To perform this task, users need to run Blob_idtag.py
and TE_optional.sh
. Users can opt to run the additional TE commands within `Blob_idtag_app.py' (lines 13-15). The procedure can be divided into five steps:
- The additional TE commands in
TE_optional.sh
detect precipitation blobs and calculate blob statistics (properties) using BlobStats in addition to the size blobs already detected inTE_commands.sh
. - Both size and precipitation blobs are masked with a unique ID (1-based, e.g., 1,,2,3,4,5,...) through StitchBlobs.
- The blob-tagging Python script (
Blob_idtag.py
) pairs precipitation blobs to LPS nodes in the same way as we did for size blobs. - The Python script assigns tags (labels) to different blobs according to their paired labeled LPS nodes and the blobs IDs given by BlobStats. The assigned tags are then used to remask blobs with the tag numbers (e.g., 1=TC, 2=MS, 3=SS, 4=PL, 5=others) in the StitchBlobs's output nc files.
- Finally, run TE commands demonstrated in the "additional steps" in
TE_optional.sh
to extract 3-hourly precipitation and 925 hPa IKE at each grid point conatined within each size/precipitation blobs that are associated with a tag number (i.e., a type of LPS).
In step four, the Python script uses a tagging arrangement like we described in the last section of the SyCLoPS manuscript. However, there are many ways one can assign those tags.
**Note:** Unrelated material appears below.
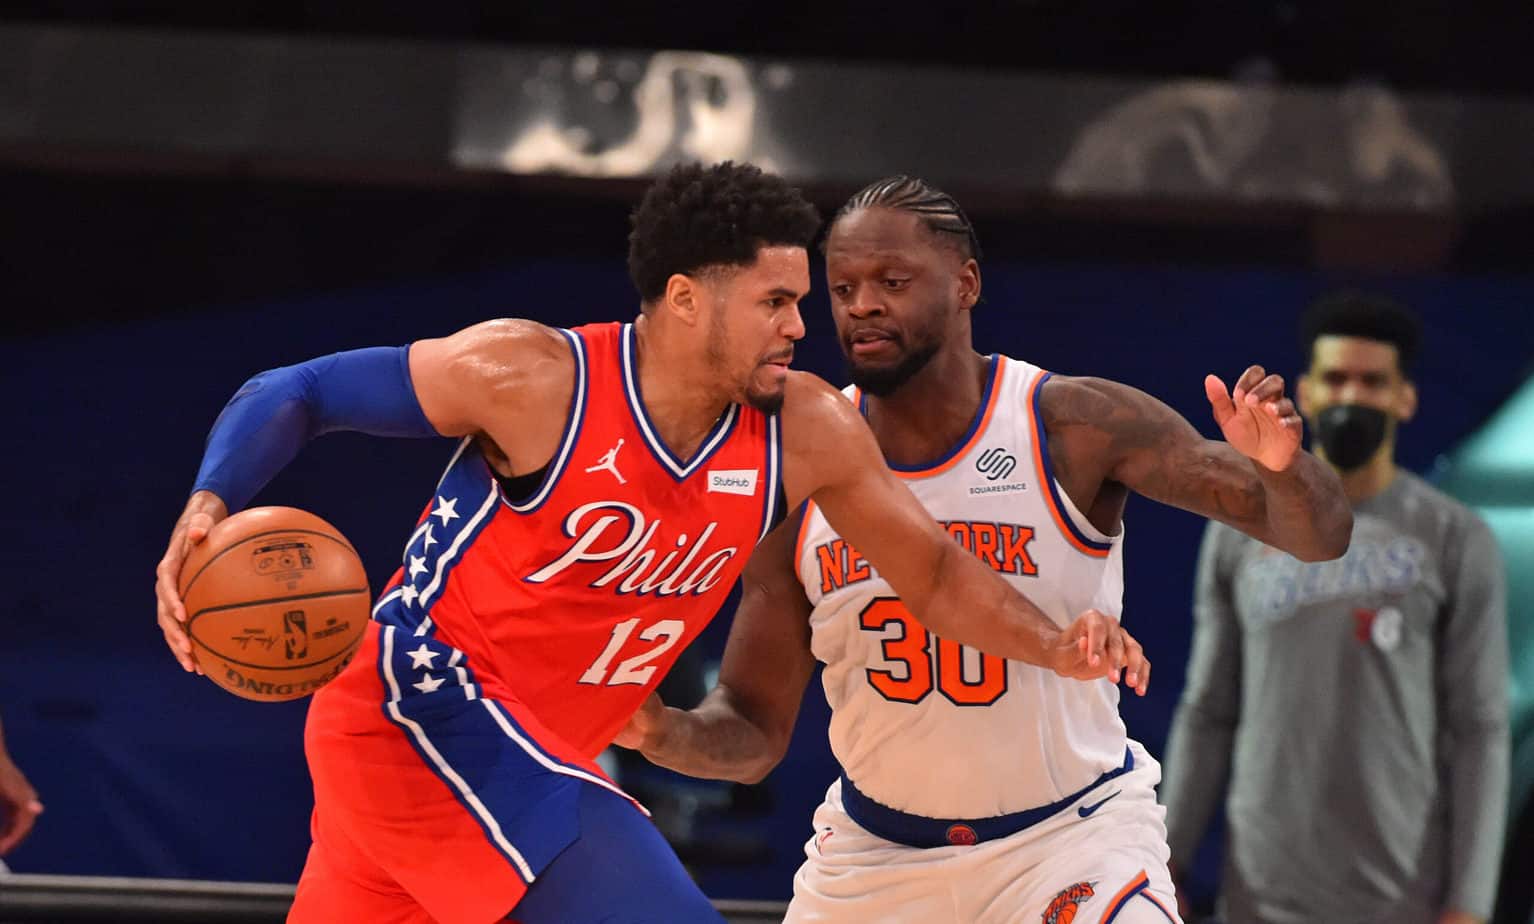 Philadelphia 76ers vs. NY Knicks – Betting odds and Preview

In the manuscript, we define TC blobs (with tag=1) as those blobs that are paired with TC nodes in TC tracks, which corresponds to these nodes in the classified catalog:
tcid=dfc[(dfc.Short_Label=='TC') & (dfc.Track_Info.str.contains('TC'))].index.values
blobtag=np.ones(len(dfc))*5 #5 = Other systems
blobtag[tcid]=1
# Subsequent codes in the Python script: ...
However, one can also define that blobs paried with all TC nodes (not only those in TC tracks) are considered TC blobs with tag=1:
tcid=dfc[dfc.Short_Label=='TC'].index.values
blobtag=np.ones(len(dfc))*5 #5 = Other systems
blobtag[tcid]=1
# Subsequent codes in the Python script: ...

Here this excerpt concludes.